--- What the task asks ---
Only the pictures should be dropped; every line of the data must come back exactly as written.

--- Available data ---
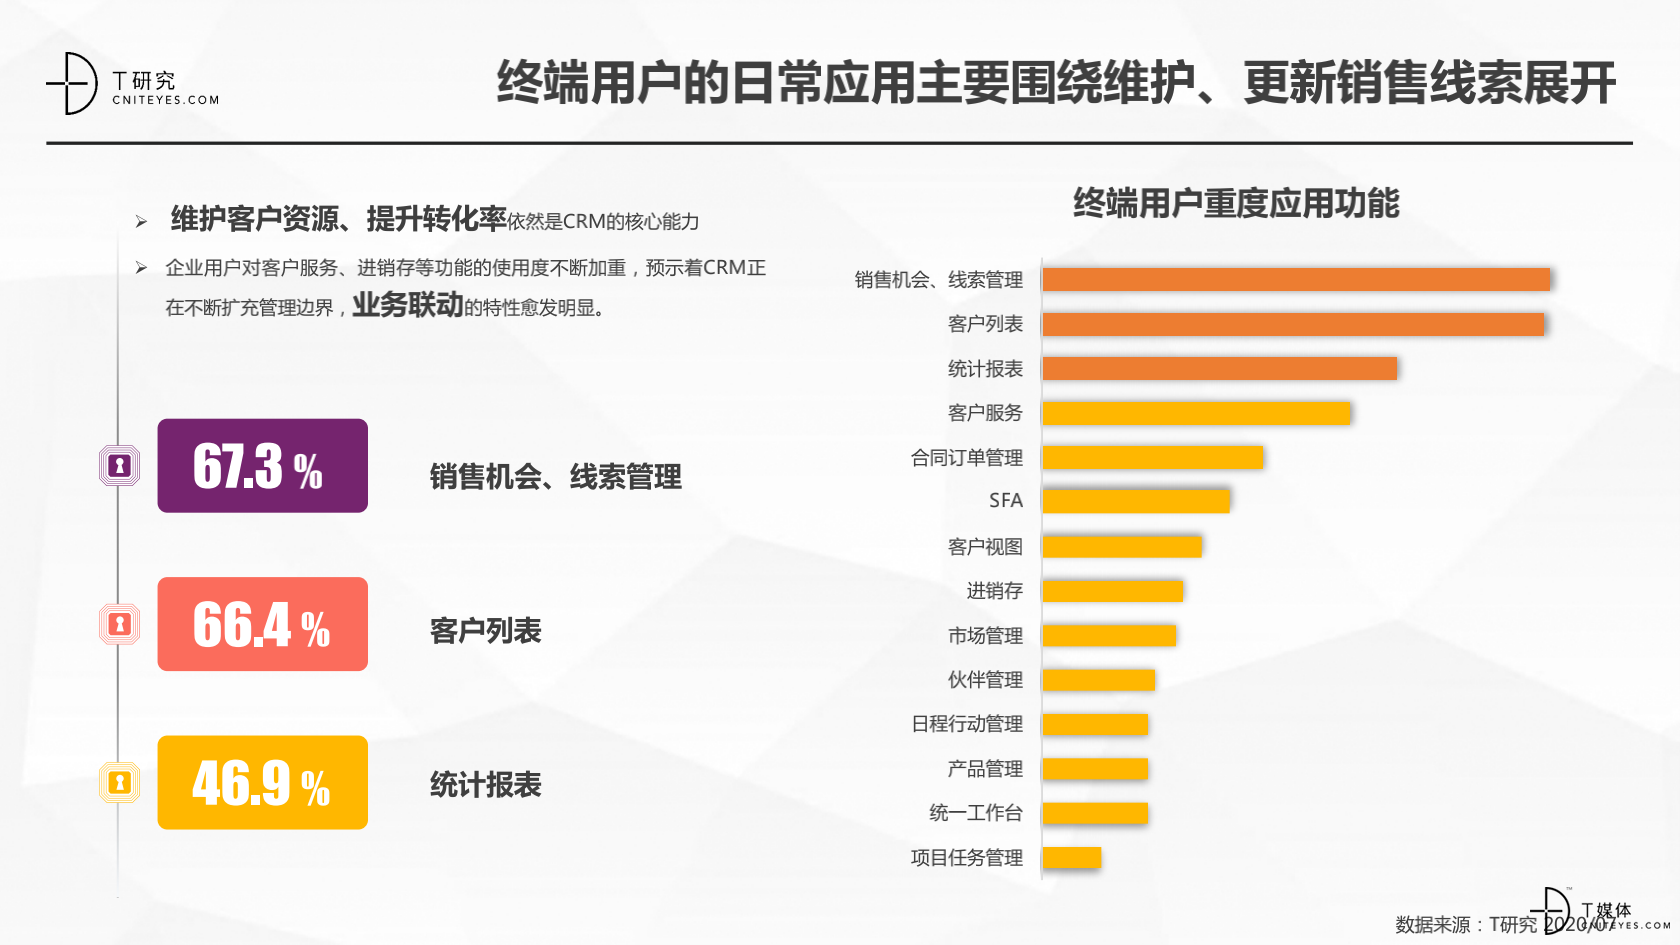 2_2020中国CRM指数测评报告v1.5_11.png
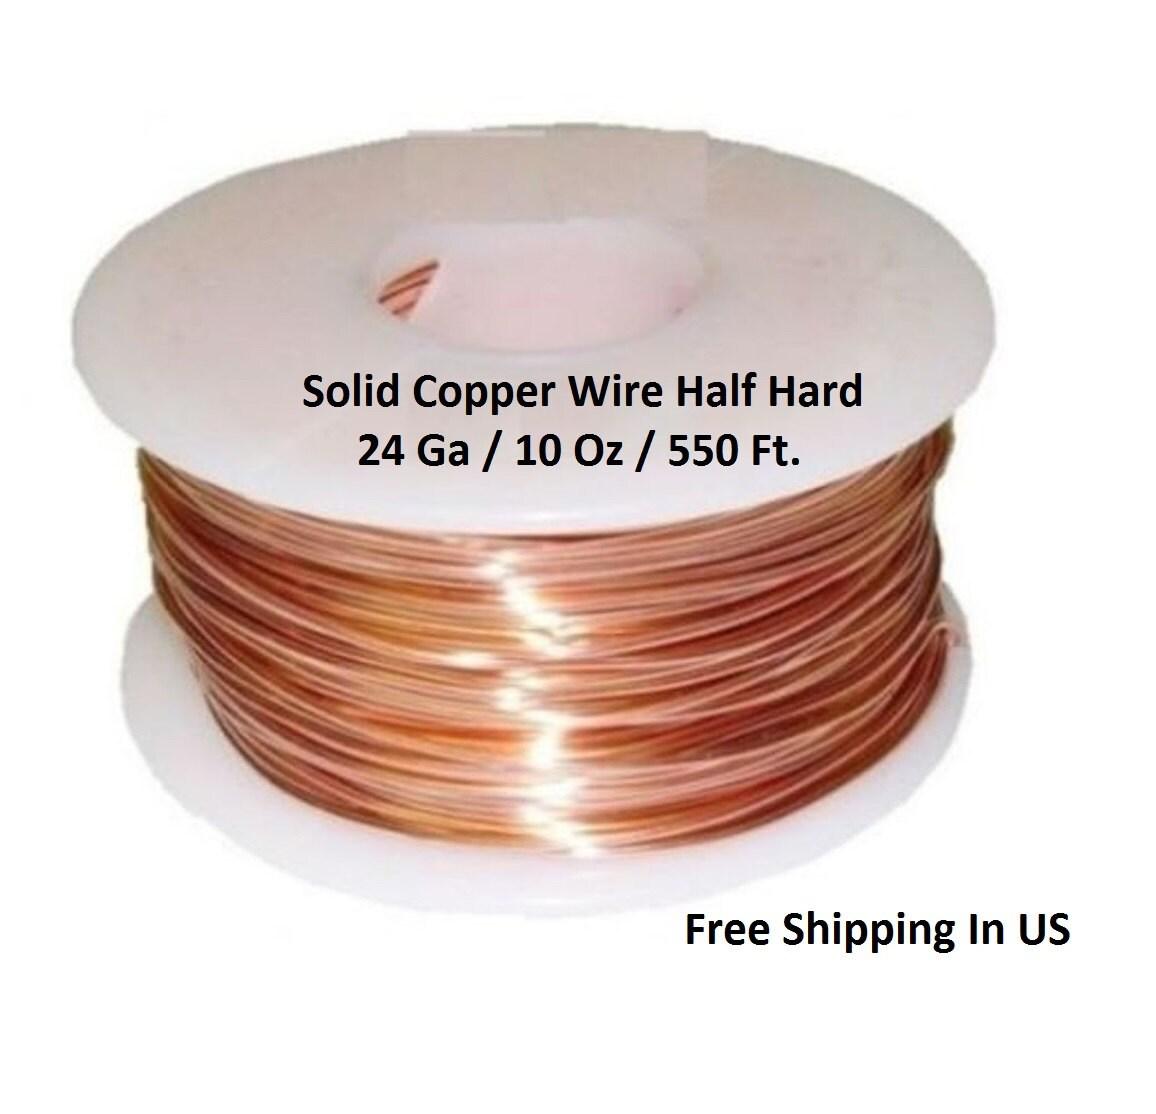 Number 1 Copper Wire : Genuine solid copper wire ga oz ft half hard
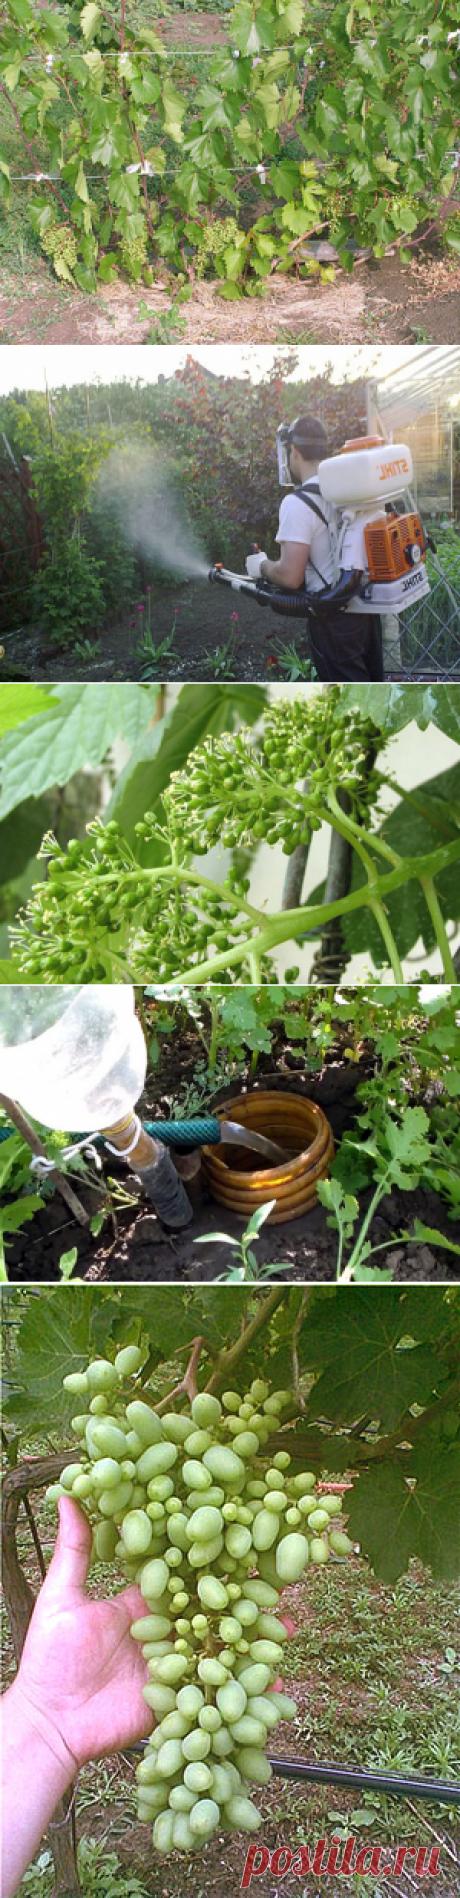 Обработка, полив, подкормка, пасынкование, уход за виноградом летом + видео
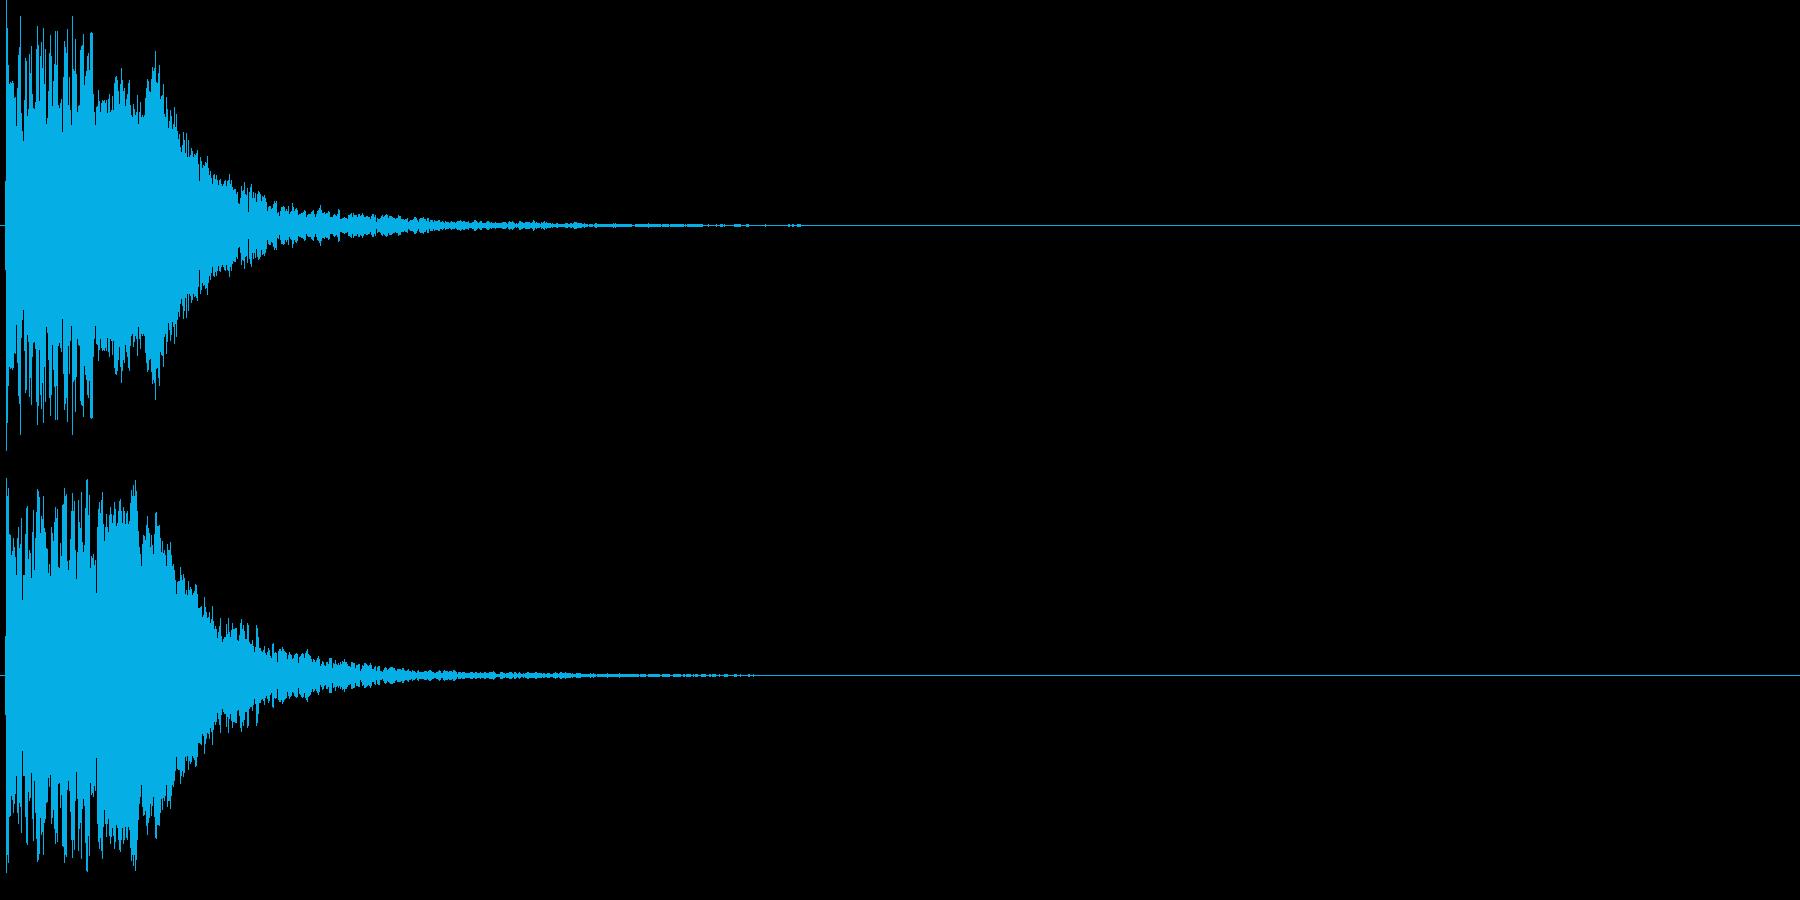 ピュイン(パワーアップ・エネルギー補充)の再生済みの波形

--- Your solution ---
 2_2020中国CRM指数测评报告v1.5_11.png
 Number 1 Copper Wire : Genuine solid copper wire ga oz ft half hard
 Обработка, полив, подкормка, пасынкование, уход за виноградом летом + видео
 ピュイン(パワーアップ・エネルギー補充)の再生済みの波形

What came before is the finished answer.